Myths about linguistics:  
Myth #2: Linguists correct/criticize how people talk

Linguists analyze language how it exists, not how some people wish it
exists: for a linguist to tell someone that they’re speaking wrong is like a
biologist telling a bird that it’s singing wrong. You may be thinking of
grammar mavens, editors, and/or lexicographers, although many editors
and pretty much all lexicographers are actually quite tolerant about this
kind of thing and only give feedback when asked.
Myths about linguistics:  
Myth #3: Linguistic/grammar rules include things like don’t split
infinitives, don’t use ain’t

Linguists analyze the part of grammar that is automatic and generally


subconscious.

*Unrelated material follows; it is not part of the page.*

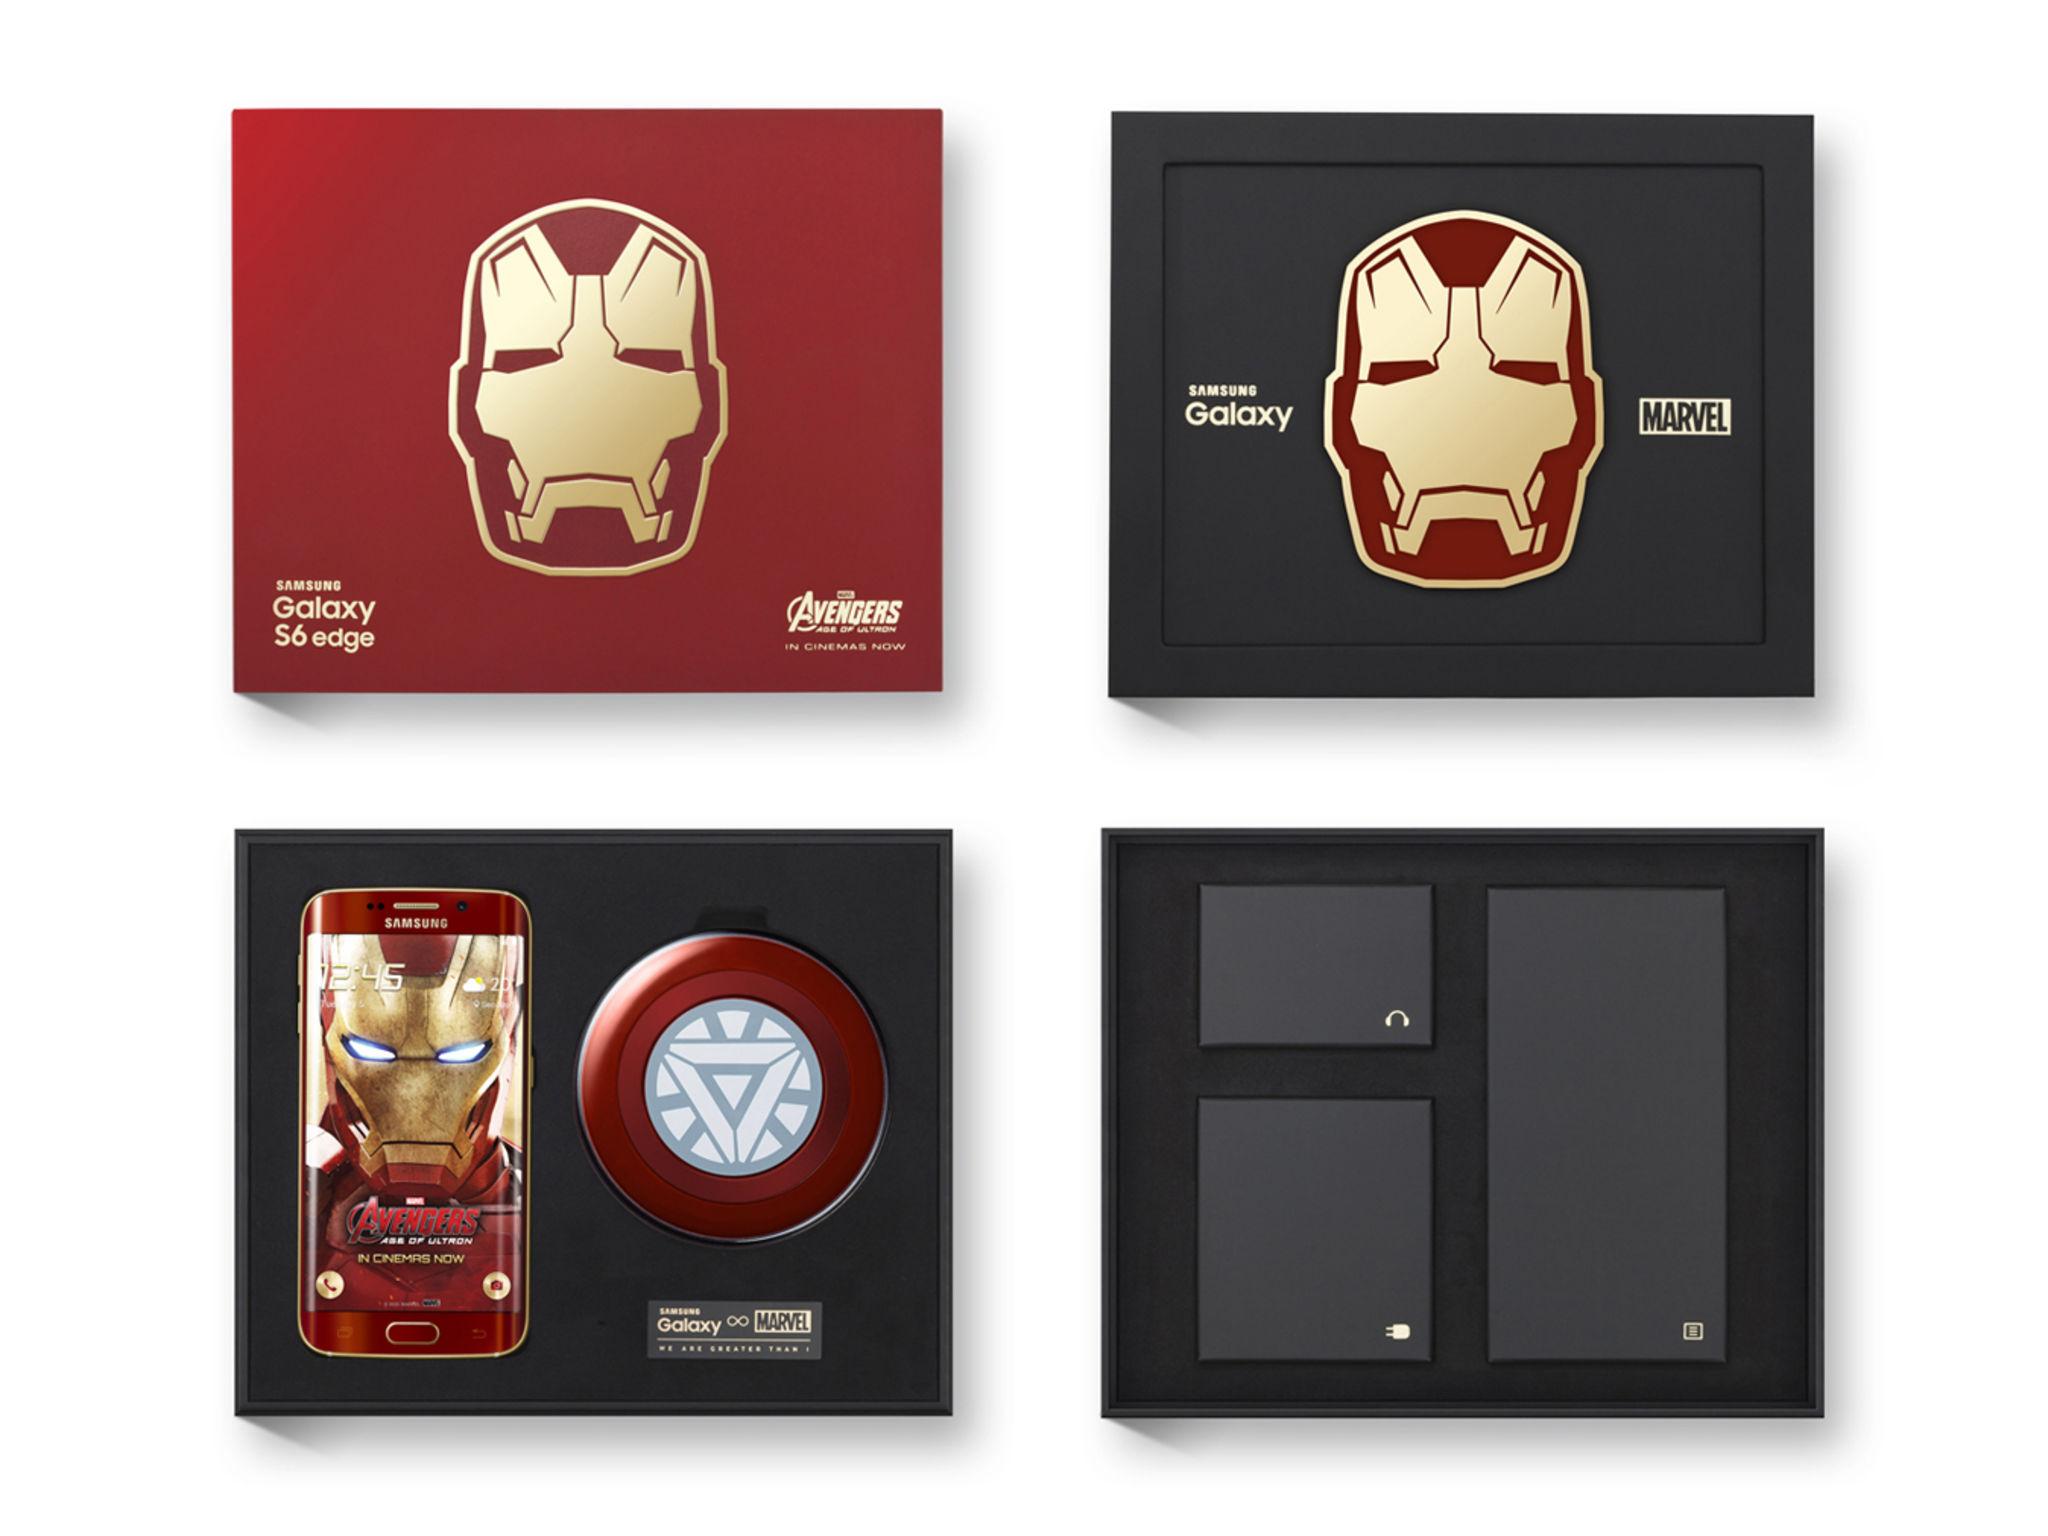 176871_02_Avengers_005.jpg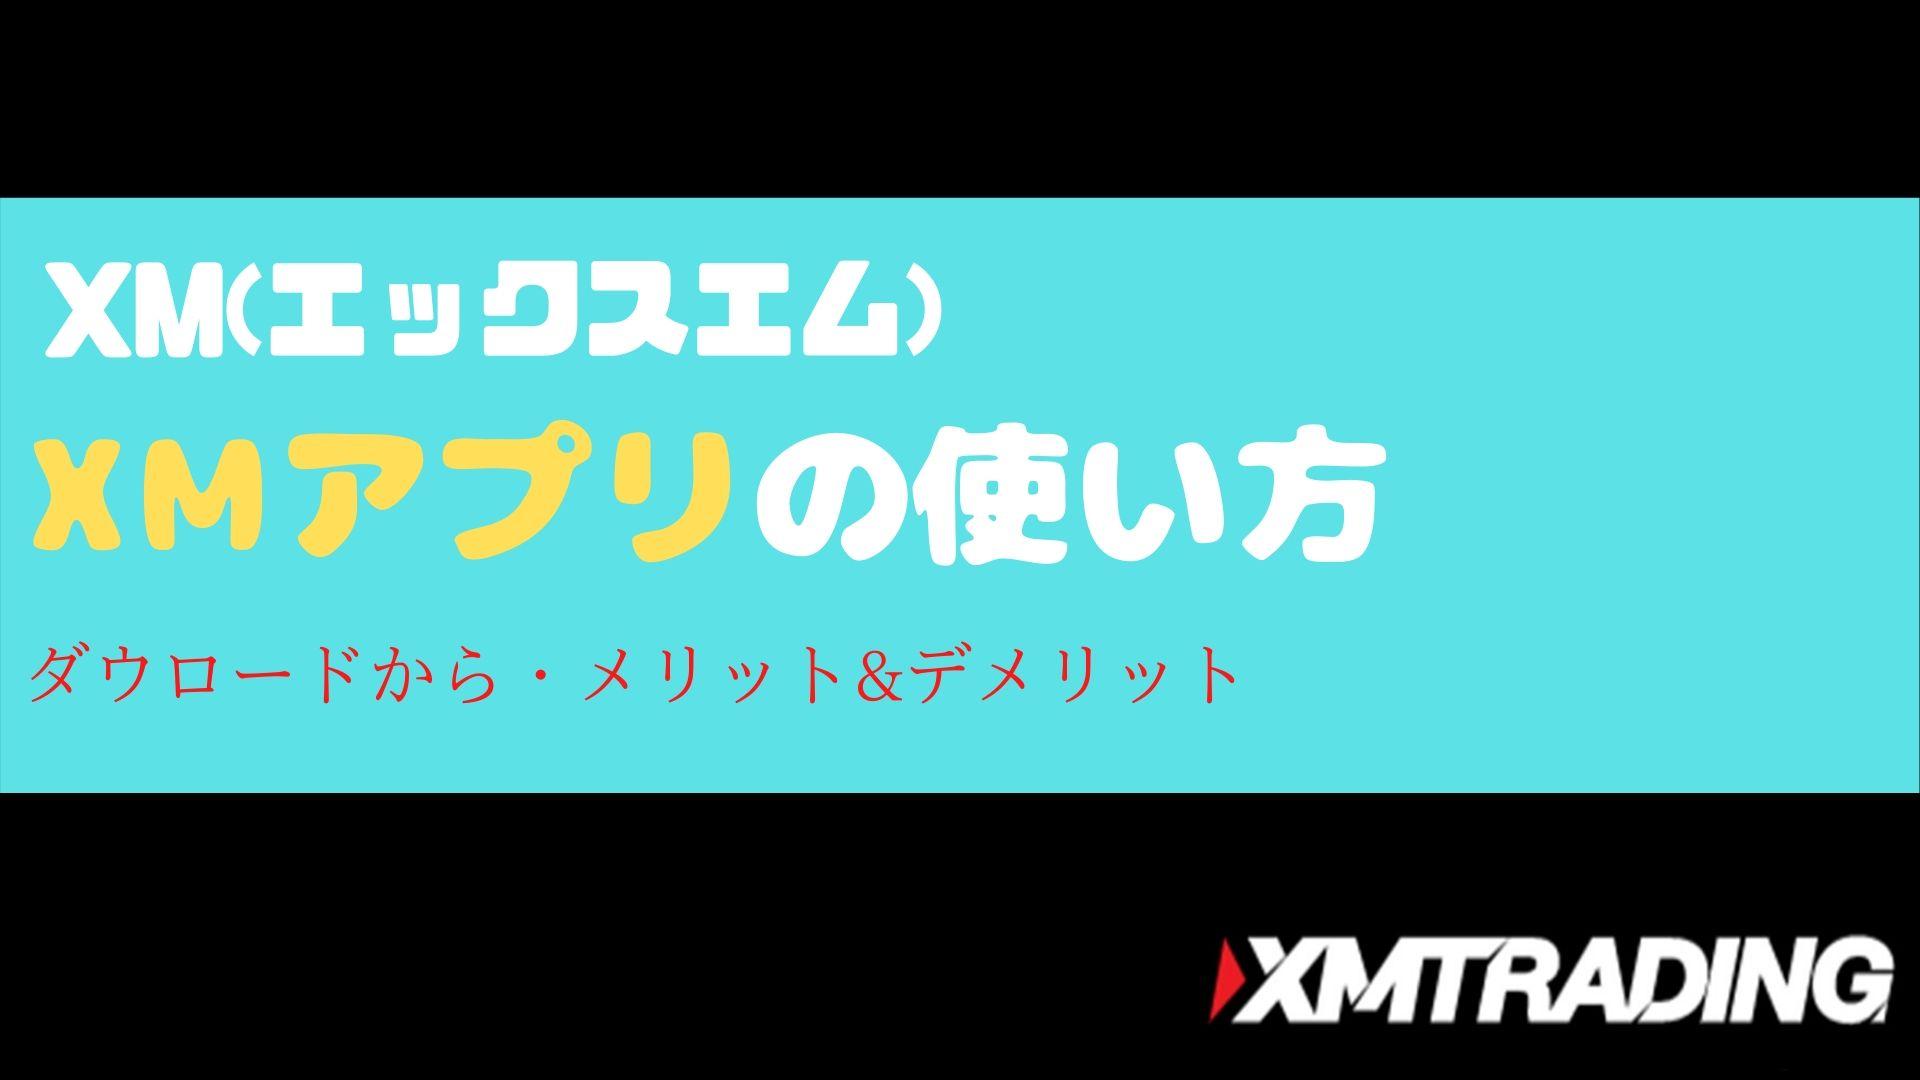 xm-app-title

Grammar rules that you have to be taught in English class
or a style guide are:  
a) Often about spelling/punctuation, not the structure of the language,
and we’ve already established that writing doesn’t reflect the full language
anyway
b) Often based on the misapplication of Latin grammar to English by 18th
or 19th century grammarians (for example, the confusion about “you and
me” vs “you and I”)
c) Often modelled on the speech of people who have historically had
power (rich old white men).
None of these are particularly relevant to answering the question of how
language in both its diversity and commonality came to exist in the
human mind: linguists analyze what people actually do when they’re
speaking, not what they or someone else thinks they should do.